Icy Adventures in Norway

Hiking in Sunnmøre, Part 4: Regndalen. (Source: Severin Sadjina/Flickr)
Hiking Site in Sunnmøre, Regndalen. (Source: Severin Sadjina/Flickr)

If you want to walk and climb on glaciated areas for an extraordinary experience, you should visit Norway before the glaciers melt away. You do have some decades ahead, though, before glaciers really become scarce there. Still, rising  temperatures have caused a dramatic decrease in glacial volume in Norway as in other parts of the world. As this trend intensifies, glacier tourism will be largely limited in the future.

Norwegian sunset near Tromso, Norway (Source: Diana Robinson/Flickr)
Sunset near Tromso, Norway (Source: Diana Robinson/Flickr)

There are many opportunities to explore glaciers.

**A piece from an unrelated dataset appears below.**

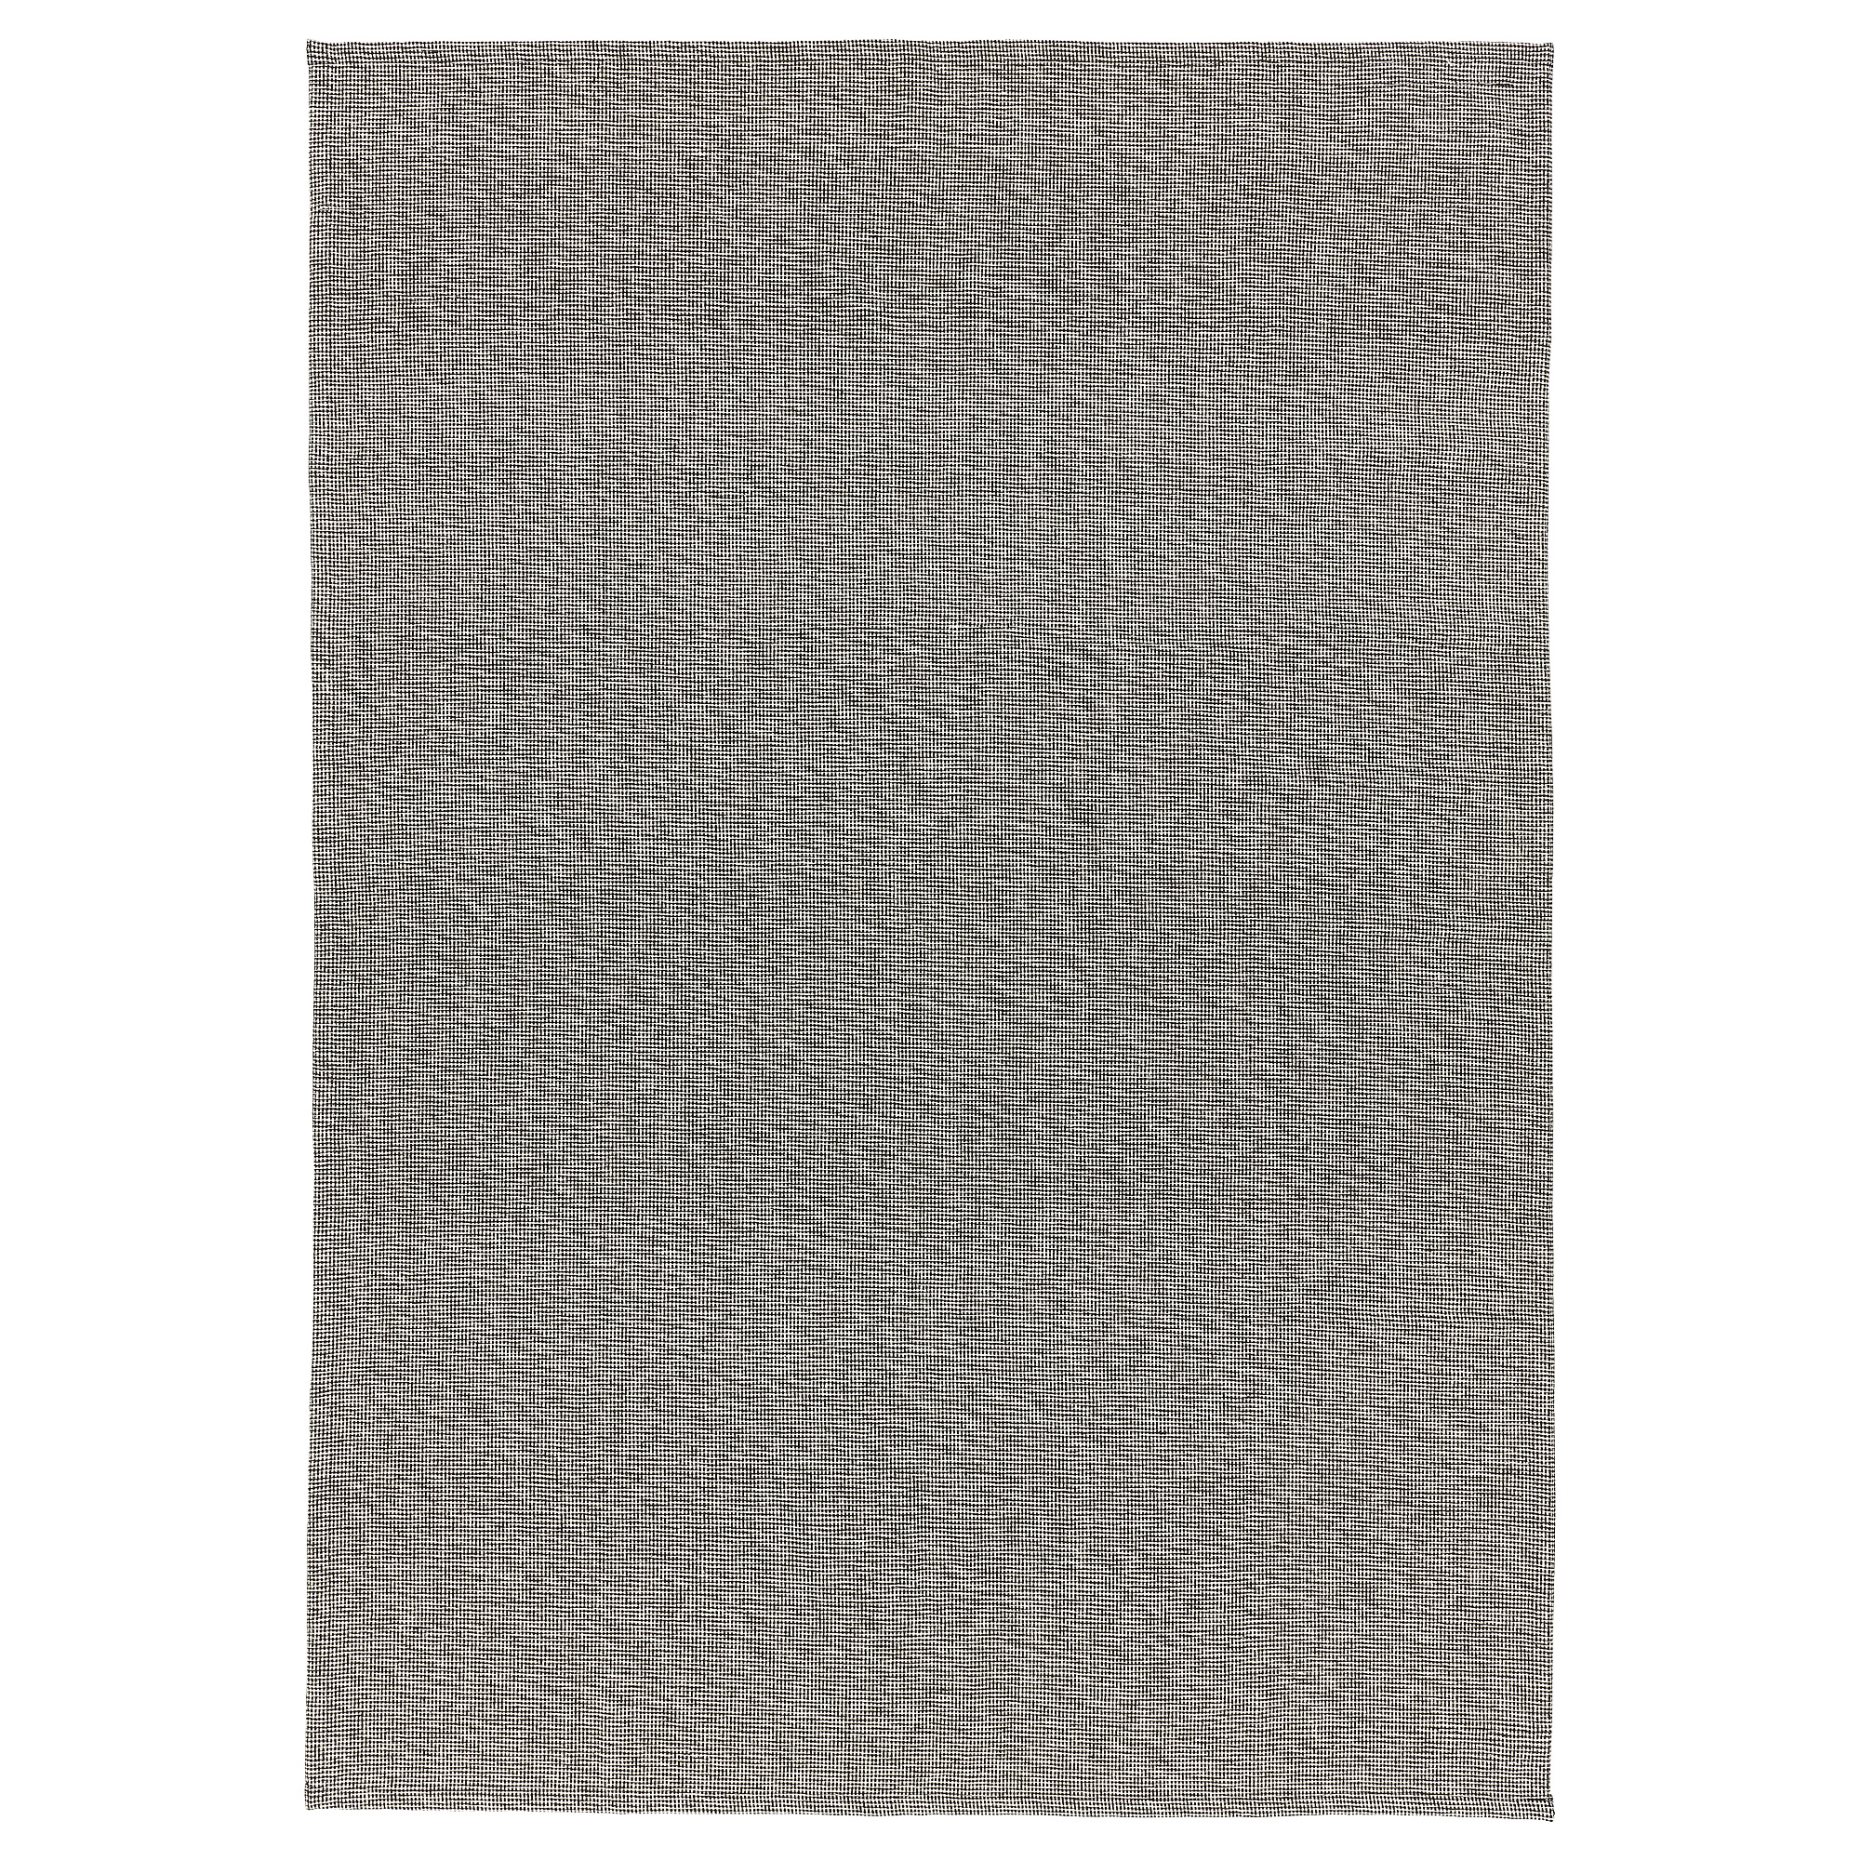 TIPHEDE, χαλί χαμηλή πλέξη, 155x220 cm, 204.700.47

There are over 1600 glaciers in Norway, which cover an area of roughly 2600 square kilometers. Most of the glaciers are in mountainous regions along or near the coast, particularly in southwestern and northern Norway. You could choose among guided day tours, longer tours, glacier surface walks, glacier lake kayaking, terminal face walks, ice climbing, and more. But climate change will change the nature of glacier tourism. A 7-year follow-up study conducted by Trude Furunes and Reidar J. Mykletun considered five components of the development of glacier tourism: natural resources, access, demand, entrepreneurship, and the need for skilled delivery of tourism services. Data in the study was collected through analysis of websites, repeated interviews, and participant observation.

Engabreen (Source: Nathanael Coyne/Flickr)
Engabreen (Source: Nathanael Coyne/Flickr)

Most glacier tourism activities involve the edges of the glacier, especially the glacier arm area, which are neither too steep nor too dangerous to enter. Glacier tourism generally occurs from June to August, when snow accumulated during winter has finished melting. A large portion of the study’s respondents expressed concern about impacts of climate change on glacier recession. After all, ice melting limits the accessibility of glaciers. In 2003, some operators decided to include more mountain walks in the tour package due to ice melting, which in the end led to dramatic decline in clients. In 2007, as some glaciers became inaccessible, some operators had no choice but to move to different glaciers in order to minimize financial loss.

Low entry cost attracted many investors into the glacier tourism business, causing a great deal of competition in the region. “Several activity companies pop up. But the Briksdal glacier is now closed due to the reduced glacier area, which makes it difficult to run safe glacier guiding here. This has led to increased tourism on the Nigard glacier,” said one respondent. More and more companies chose to tailor activities for their clients instead of providing highly commercialized products. “Competitors still exist, but they have changed their activity,” said another respondent.

A route between Aurlands and Briksdal in Norway. (Source: Lee Gwyn/Flickr)
A path between Aurlands and Briksdal . (Source: Lee Gwyn/Flickr)

Many operators claimed that they treated safety as priority and few accidents had occurred. “We focus strongly on safety, and use two guides per group, where one is certified. We also focus on equipment needed. It is important that the clients don’t perceive high risk, but get a unique experience.” Another operator stated that, “we have had no accidents, only bone fractures.”

According to T. Furunes and R. J. Mykletun, there was a 30% decrease from 2003 to 2009 in the number of visitors and operators, due to decline in natural resources and access. However, they suspected that relatively rapid melting of glaciers in Central Europe would likely to prompt glacier tourism in Norway. In a sense,  glacier loss in Central Europe could make Norwegian glacier tourism seem more attractive.  This study thus confirms the uneven and complex effects of global warming and its consequences for glacial retreat on national tourist industries.